2022 journal article
A Comparative Study on the Performances of Spectral Nudging and Scale-Selective Data Assimilation Techniques for Hurricane Track and Intensity Simulations
It is a common practice to use a buffer zone to damp out spurious wave growth due to computational error along the lateral boundary of limited-area weather and climate models. Although it is an effective technique to maintain model stability, an unintended side effect of using such buffer zones is the distortion of the data passing through the buffer zone. Various techniques are introduced to enhance the communication between the limited-area model’s inner domain and the outer domain, which provides lateral boundary values for the inner domain. Among them, scale-selective data assimilation (SSDA) and the spectral nudging (SPNU) techniques share similar philosophy, i.e., directly injecting the large-scale components of the atmospheric circulation from the outer model domain into the interior grids of the inner model domain by-passing the lateral boundary and the buffer zone, but the two methods are taking different implementation approaches. SSDA utilizes a 3-dimensional variational data assimilation procedure to accomplish the data injection objective, whereas SPNU uses a nudging process. In the present study, the two approaches are evaluated comparatively for simulating hurricane track and intensity in a pair of cases: Jeanne (2004) and Irma (2017) using the Weather Research and Forecasting (WRF) model. The results indicate that both techniques are effective in improving tropical cyclone intensity and track simulations by reducing the errors of the large-scale circulation in the inner model domain.

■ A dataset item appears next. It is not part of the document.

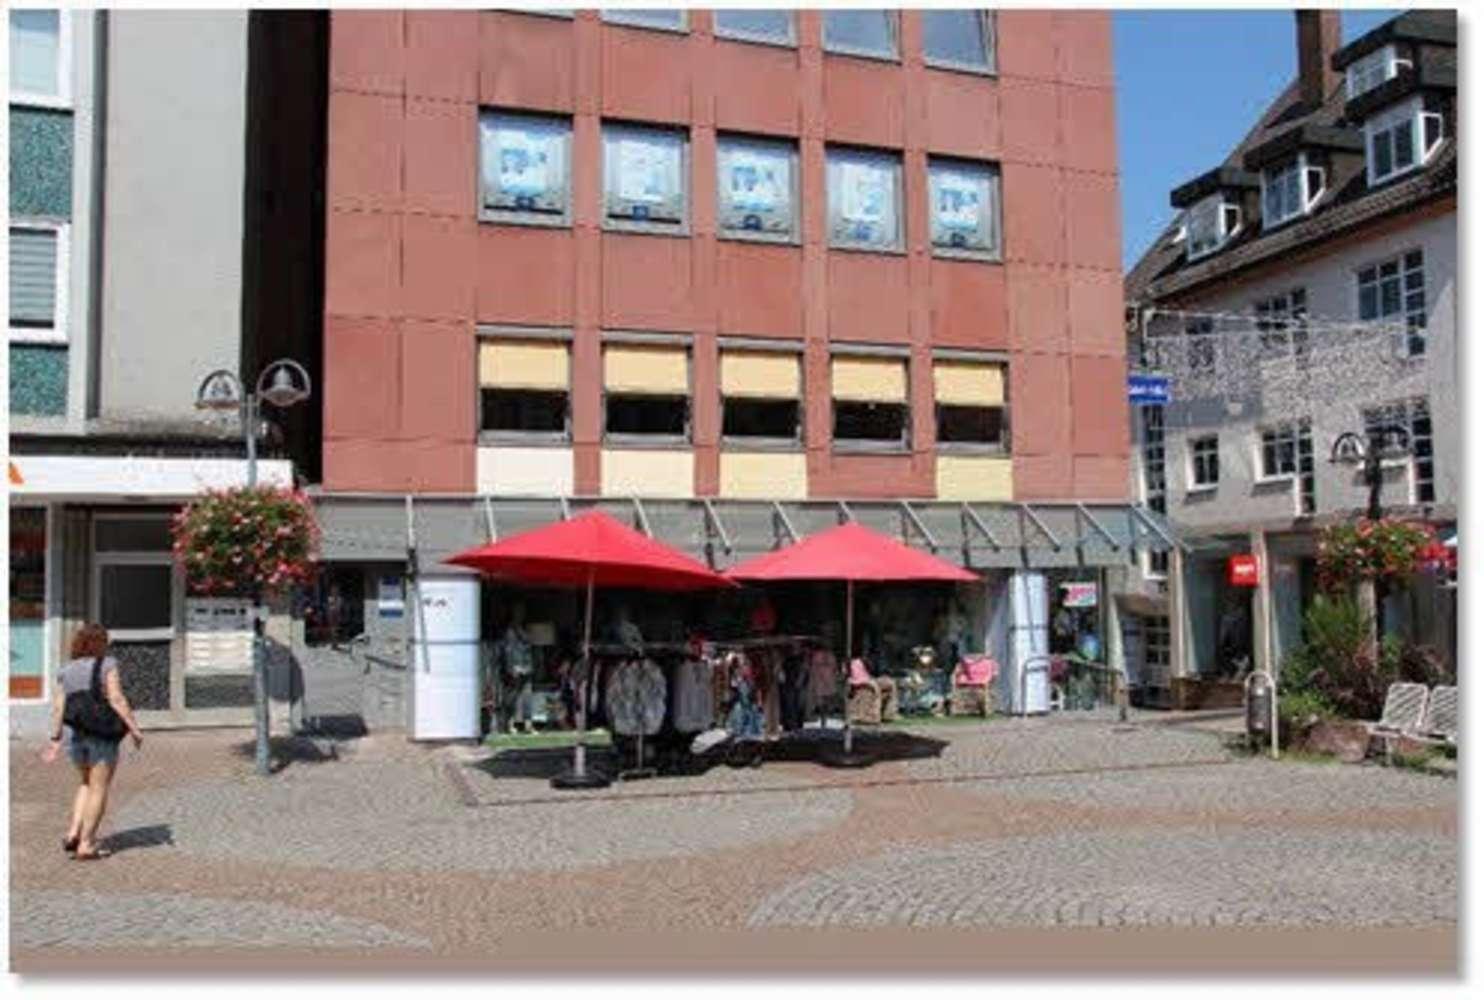 Ladenflächen Bingen am rhein, 55411 - Ladenfläche - Bingen am Rhein, Bingen - E0919 - 9984413

The SSDA runs produced better simulations of temperature and humidity fields which are not directly nudged. The SSDA runs also produced more accurate storm intensities in both cases and more realistic structure in Hurricane Jeanne’s case than those produced by the SPNU runs. It should be noted, however, that extending these case study results to more general situations requires additional studies covering a large number of additional cases.